◆ Directions
Transcribe nothing except the lines below that run from the one with "Магнитный кожаный флип-чехол" to the one with "Gunter Langer, 2019, Zeichnung, 63 x 49 cm", ends included, and do not copy any picture.

◆ Records shown
§ §

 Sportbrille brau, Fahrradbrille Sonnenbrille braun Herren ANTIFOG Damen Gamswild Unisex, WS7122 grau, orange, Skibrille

§ §

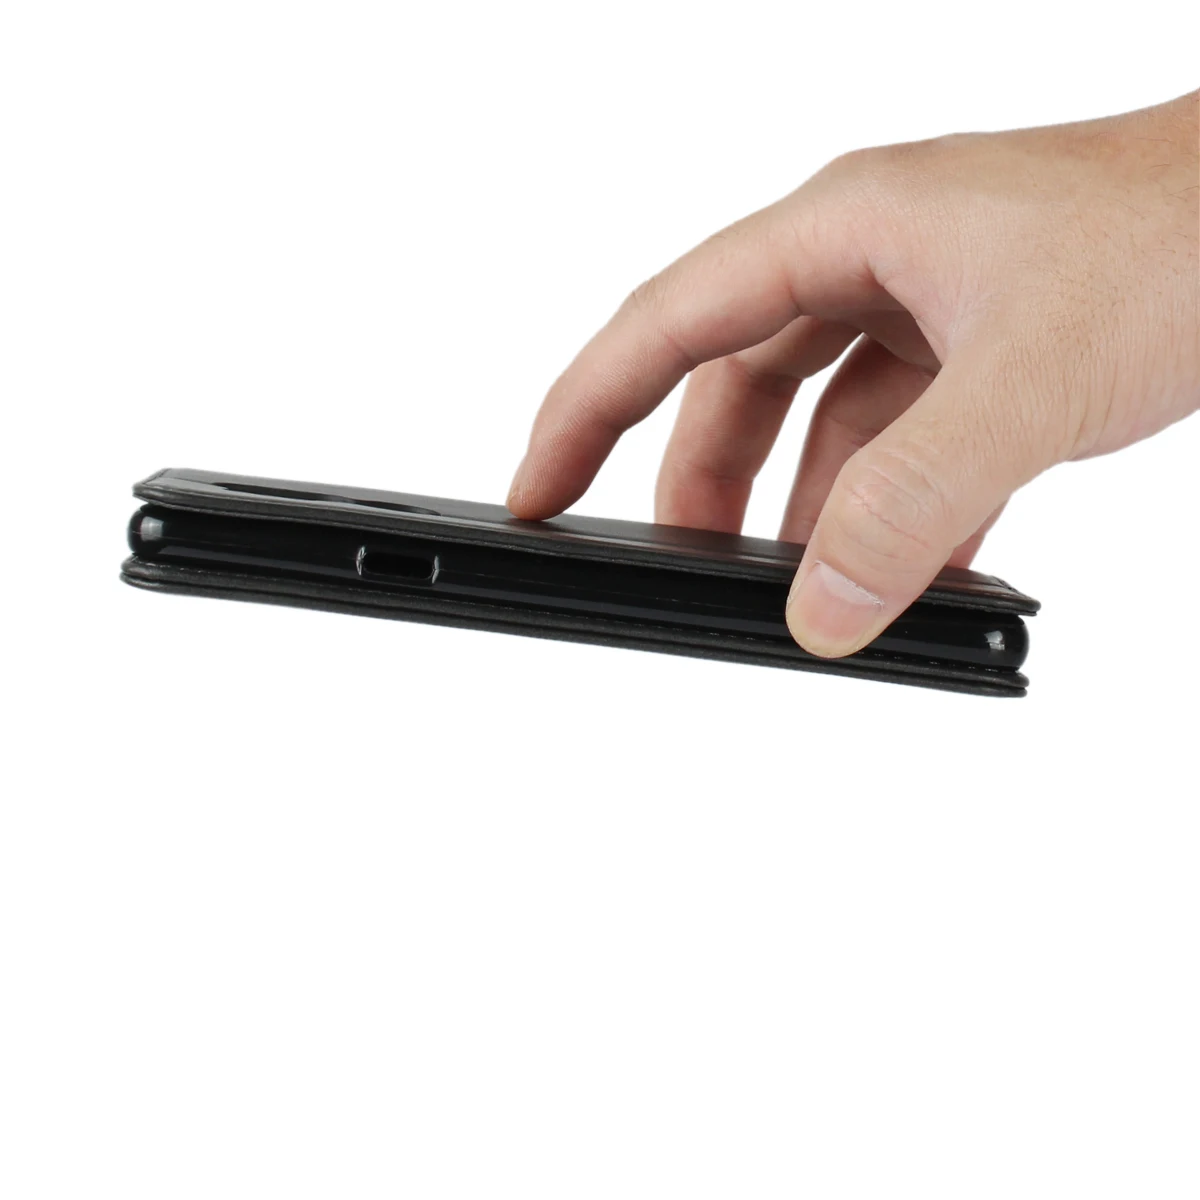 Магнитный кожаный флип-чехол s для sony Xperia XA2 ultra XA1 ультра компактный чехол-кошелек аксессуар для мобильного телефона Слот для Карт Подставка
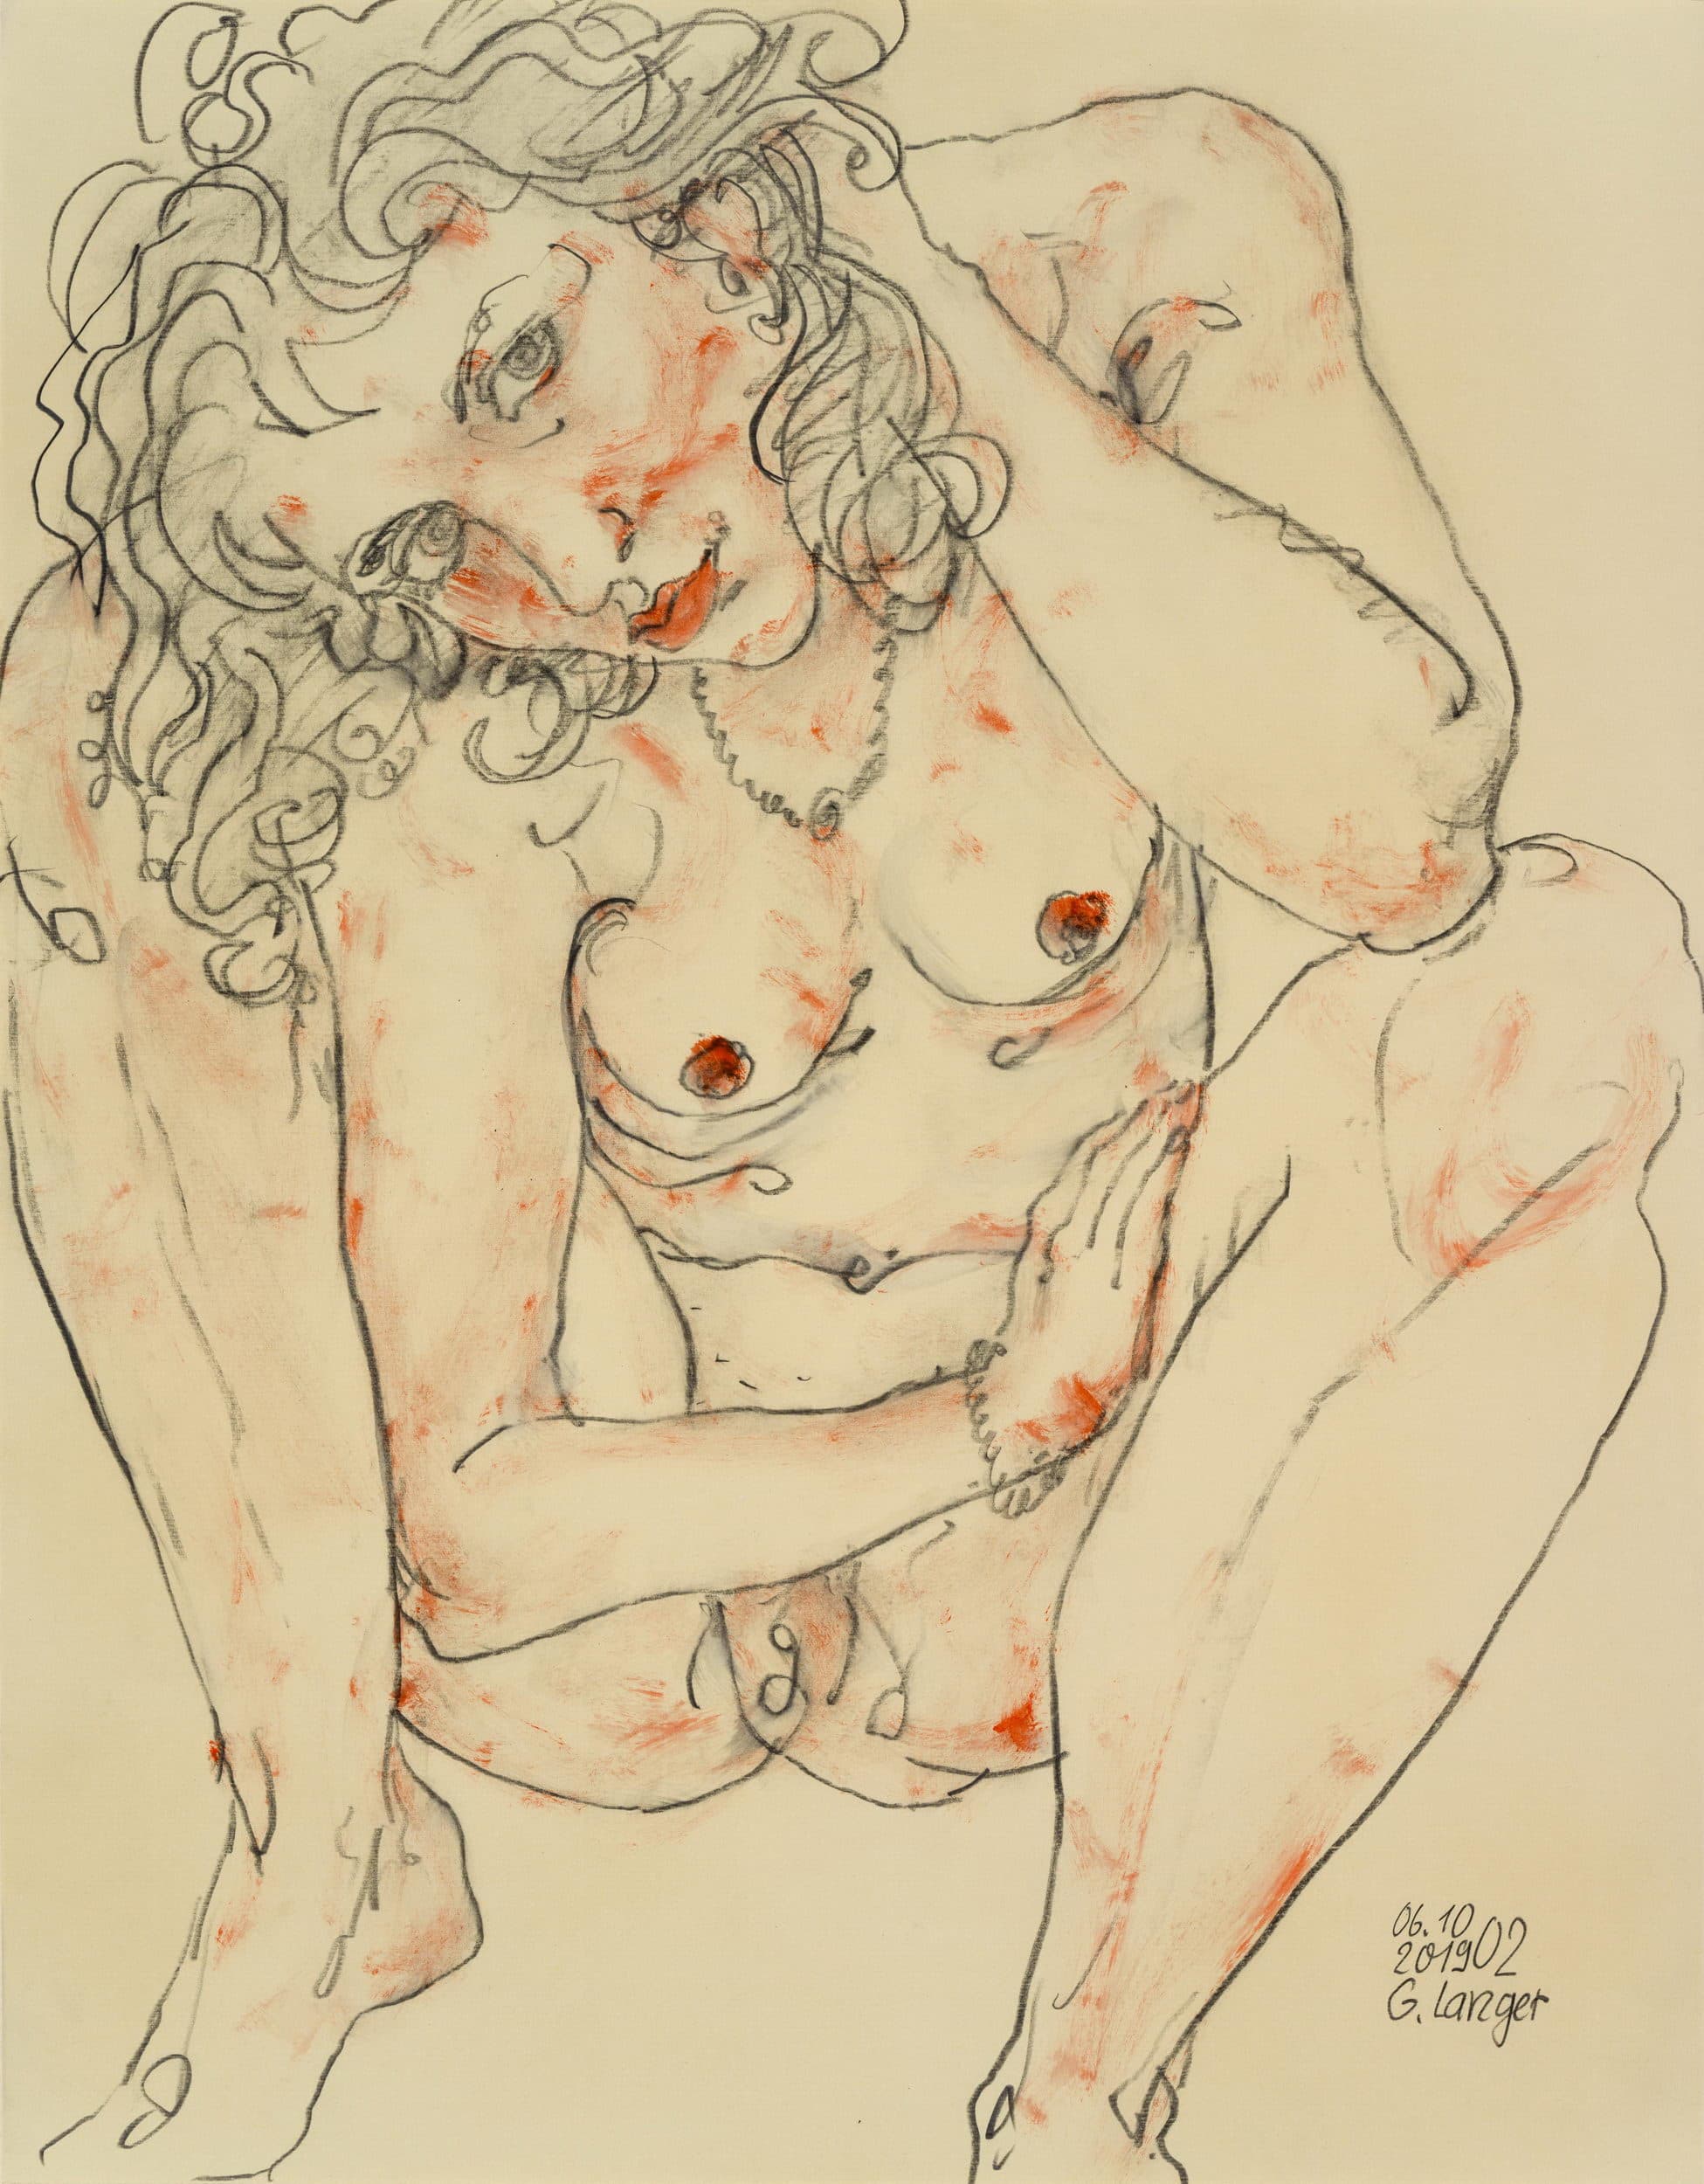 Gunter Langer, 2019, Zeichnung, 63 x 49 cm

§ §

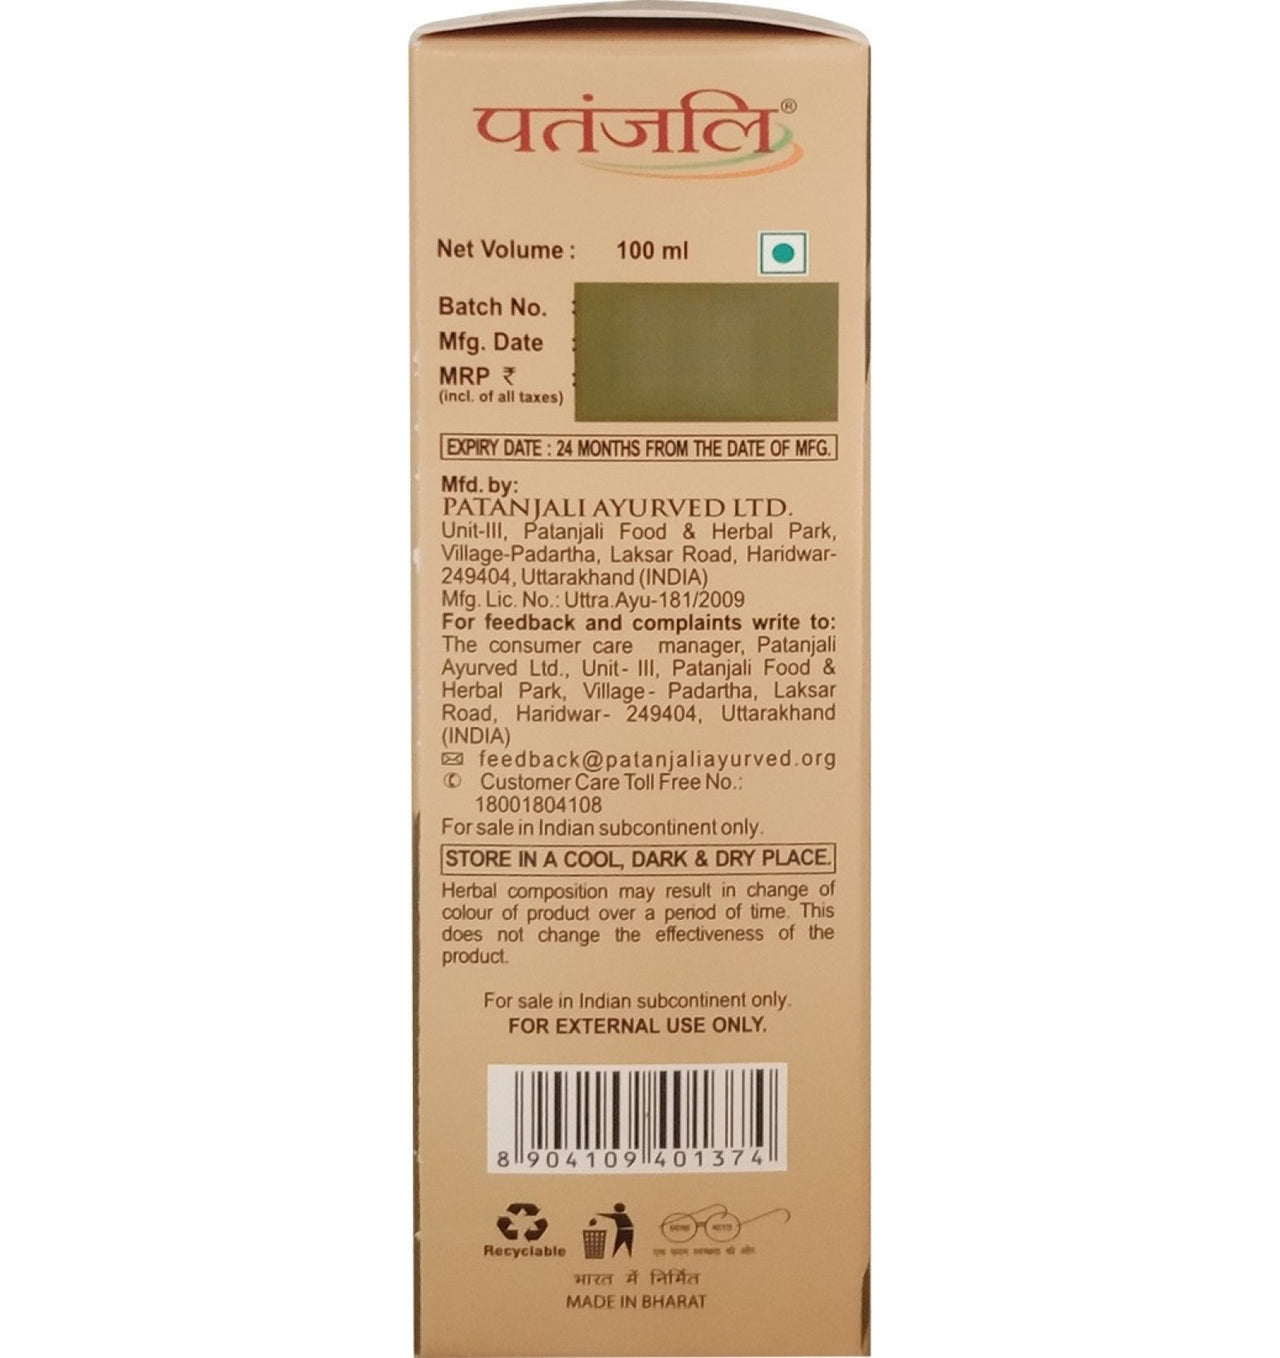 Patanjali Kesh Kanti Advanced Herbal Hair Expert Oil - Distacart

§ §

◆ Task result
 Магнитный кожаный флип-чехол s для sony Xperia XA2 ultra XA1 ультра компактный чехол-кошелек аксессуар для мобильного телефона Слот для Карт Подставка
 Gunter Langer, 2019, Zeichnung, 63 x 49 cm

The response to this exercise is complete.